In November 2012, it was announced that Ralph Lauren would be ending the Rugby line by February 2013. On February 5, the Rugby.com website was closed with only links to Ralph Lauren.com remaining.

Brand history and identity

Rugby Ralph Lauren was a concept created by luxury lifestyle apparel designer, Ralph Lauren. The brand's first location opened at 342 Newbury Street in Boston, Massachusetts on October 23, 2004. Rugby's lower price point and edgier styling catered to a younger shopper than Lauren's other luxury clothing brands. Though the company experimented with logos, most of the clothing either carried a small embroidered rugby player, "R.L.F.C", or a skull and crossbones motif. Similarly, the brand adopted its signature colours of yellow and navy stripes on its shopping bags, tags and other promotional material.

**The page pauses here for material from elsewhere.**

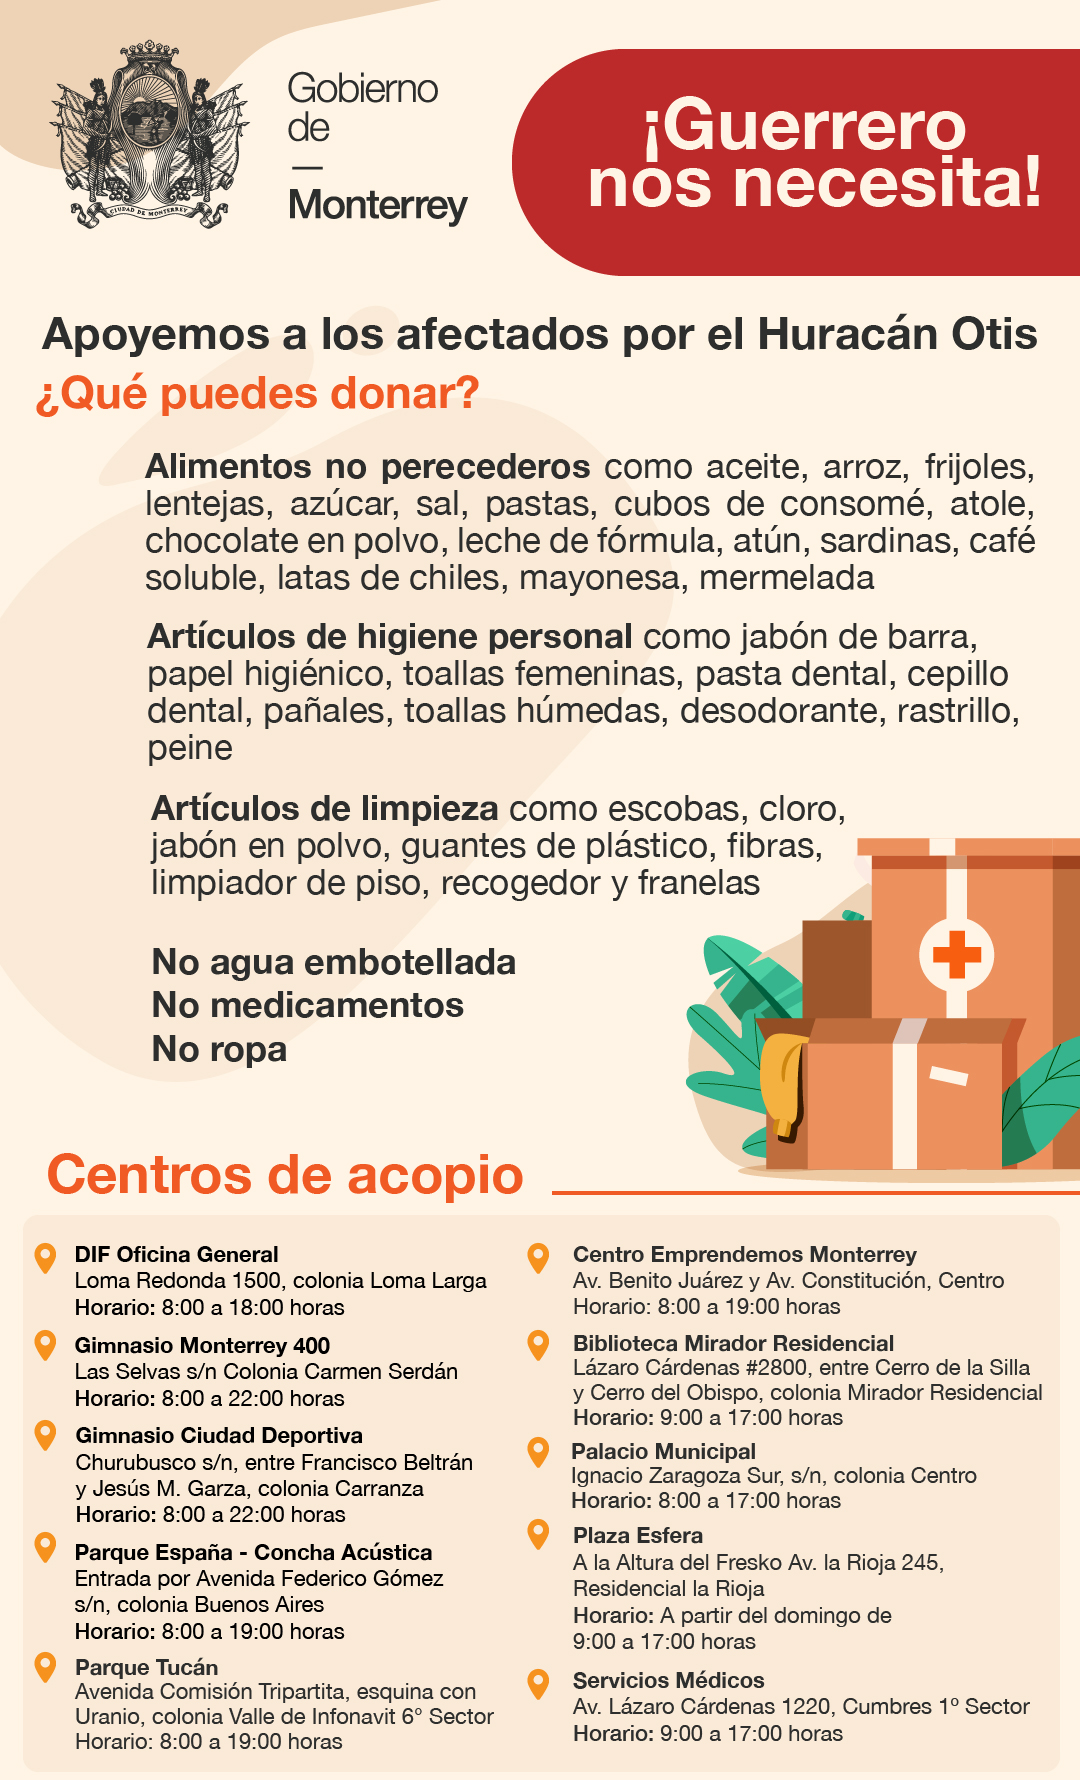 Apoyará Monterrey con asistencia de la ciudadanía a afectados por huracán en Guerrero

The brand consisted of a line of rugby shirts, polos, jackets, suits, dresses, outerwear and accessories, all with a distressed or embellished flair, as well as Rugby Ralph Lauren signature Rugby Football shirts that could be customized by buying patches in-store. Tying in with the brand name, the staple of the concept was the rugby shirt. Originally, these rugby shirts were created in the school colors in the college towns that the Rugby stores resided. Rugby also had a full book of patches that customers could purchase to personalize their rugby shirt in-store. Typically, there were also multiple luxury items in each line such as leather jackets and blazers.

Store locations
Rugby was available through its network of stores or on its website RUGBY.com. The brand held eleven stores and one flagship. Stock was also available in limited quantities in Ralph Lauren Outlet stores.

Store locations
 342 Newbury Street in Boston, Massachusetts - Rugby Ralph Lauren flagship.
 43 King Street, Covent Garden in London, United Kingdom—First European Rugby Ralph Lauren store (Opened September 3, 2011)
 1065 Wisconsin Avenue in Georgetown, Washington, D.C. - The only store to include Rugby Food & Spirits.
 Stanford Shopping Center in Palo Alto, California—Closed January 2010
 2071 Union Street in San Francisco, California
 115 Elm Street in New Canaan, Connecticut
 195 Greenwich Avenue in Greenwich, Connecticut
 1000 West Armitage in Chicago, Illinois
 1123 Emmet St N in Charlottesville, Virginia
 99 University Place in New York City, New York
 380 & 390 Bleecker St. in New York City, New York
 Highland Park Village in Dallas, Texas
 University Village in Seattle, Washington—Closed January 2009
 Main Street in East Hampton, New York 
 Natick Collection in Natick, Massachusetts (now closed)
 Omotesando, Shibuya-Ku in Tokyo, Japan
 The Mall at Short Hills in Short Hills, New Jersey
 Franklin Street in Chapel Hill, NC

All of these locations were closed by February 2013, when the brand ceased trading.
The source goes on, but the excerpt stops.